Proliferation of information is one of the biggest liabilities that firms face today. What is particularly dangerous is that proliferation is so pervasive that a lawyer may delete or destroy something not realising there are still 20 copies of it in various repositories around the firm (back-up tapes, messaging systems, copies stored locally, etc). Those copies are still discoverable and must be produced if ordered. But if the lawyer thinks it is destroyed, they may be in for an unpleasant surprise when their IT department produces it as part of a subpoena. A good solution for this is very structured, well-communicated IT/records management policies. A good policy would include a list of ‘firm-approved information repositories’ (FAIRs) and need strict adherence by the IT staff to that policy. Practically speaking, that means when IT staff install a new piece of software, they alert the records manager that a new potential repository is about to be created.

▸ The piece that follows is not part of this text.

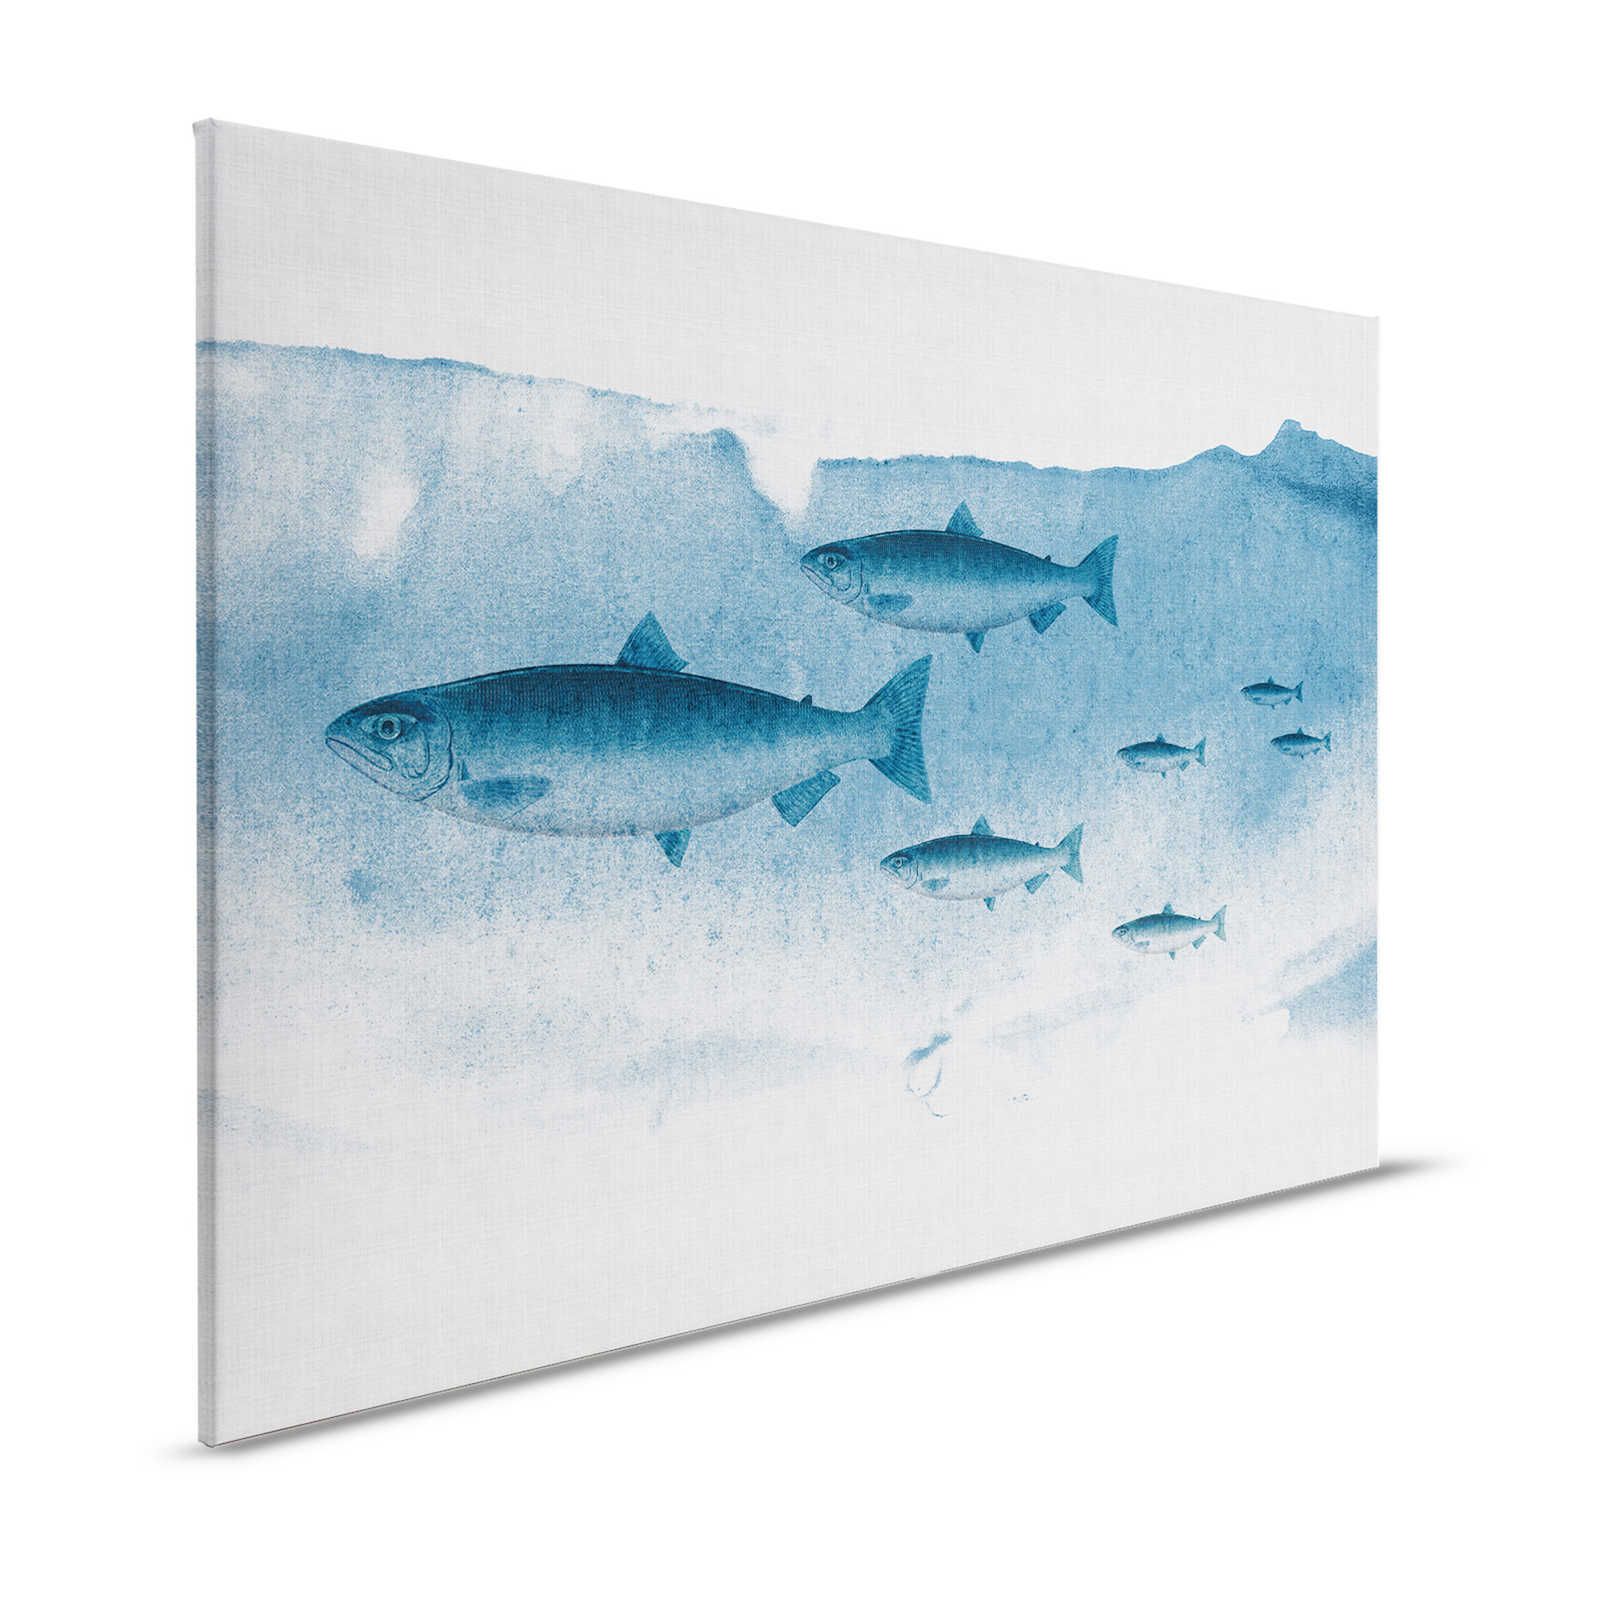 Into the blue 1 - Aquarelle de poisson en bleu comme toile de lin naturelle - 1,20 m x 0,80 m
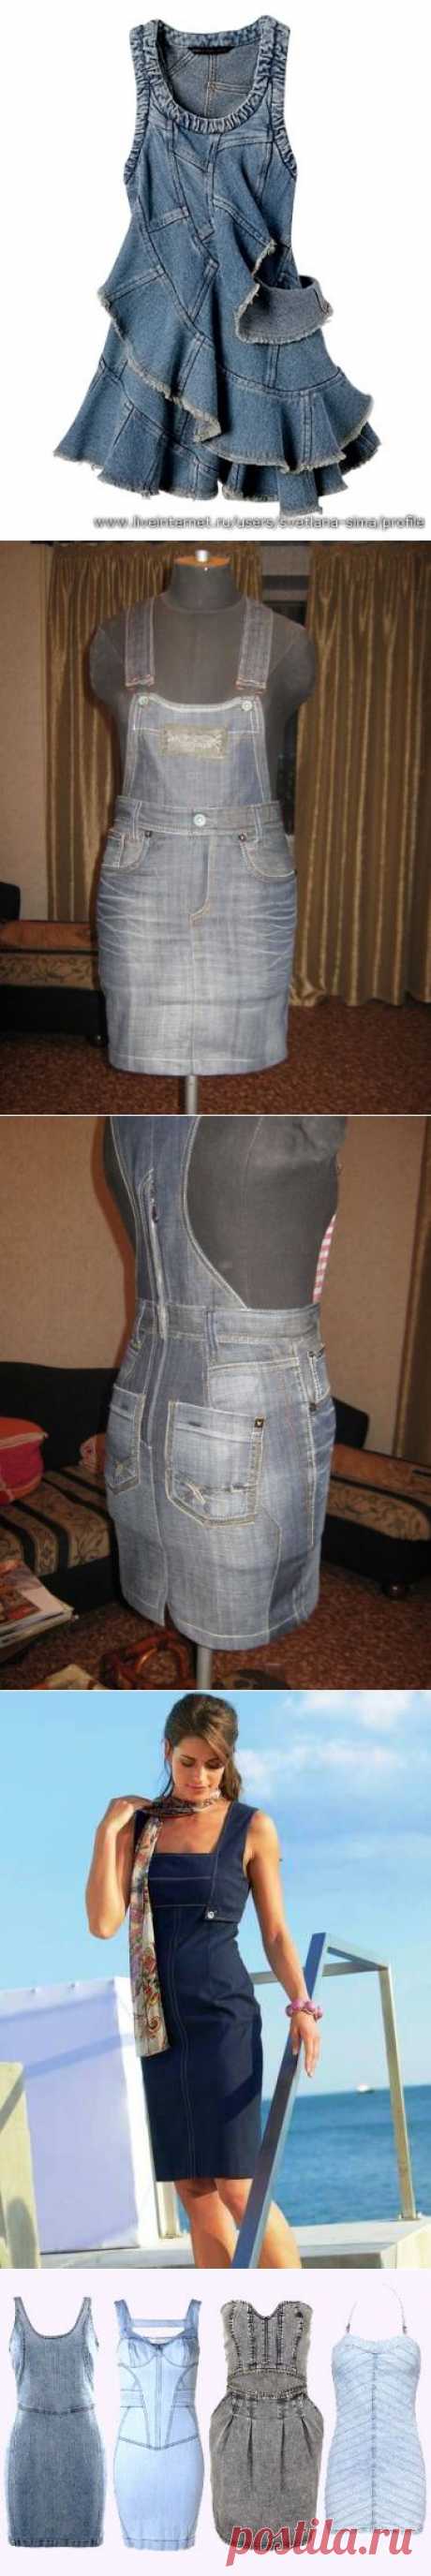 Сарафаны из джинсовых брюк

The records manager can then work with them to assess whether that new system will become an information dumping ground, ensuring that the following conditions are satisfied:

  • must be easily accessible;
  • must have security;
  • must be able to destroy information based on the firm’s retention policy; and
  • must be able to lock down (or preserve) information.
Keep it simple

Remember, the best way to help your user community comply with the firm’s risk management policies and procedures is to keep the compliance engine as seamless as possible. Yes, your lawyers will still have to review and declare e-mails as records, but that process should be as simple as a folder drag-and-drop. Risk management and compliance are everyone’s responsibility and are ongoing. As an IT professional, you play an integral role in ensuring both firm and client protection. Be proactive and stay informed about industry best practices as well as your firm’s specific business rules.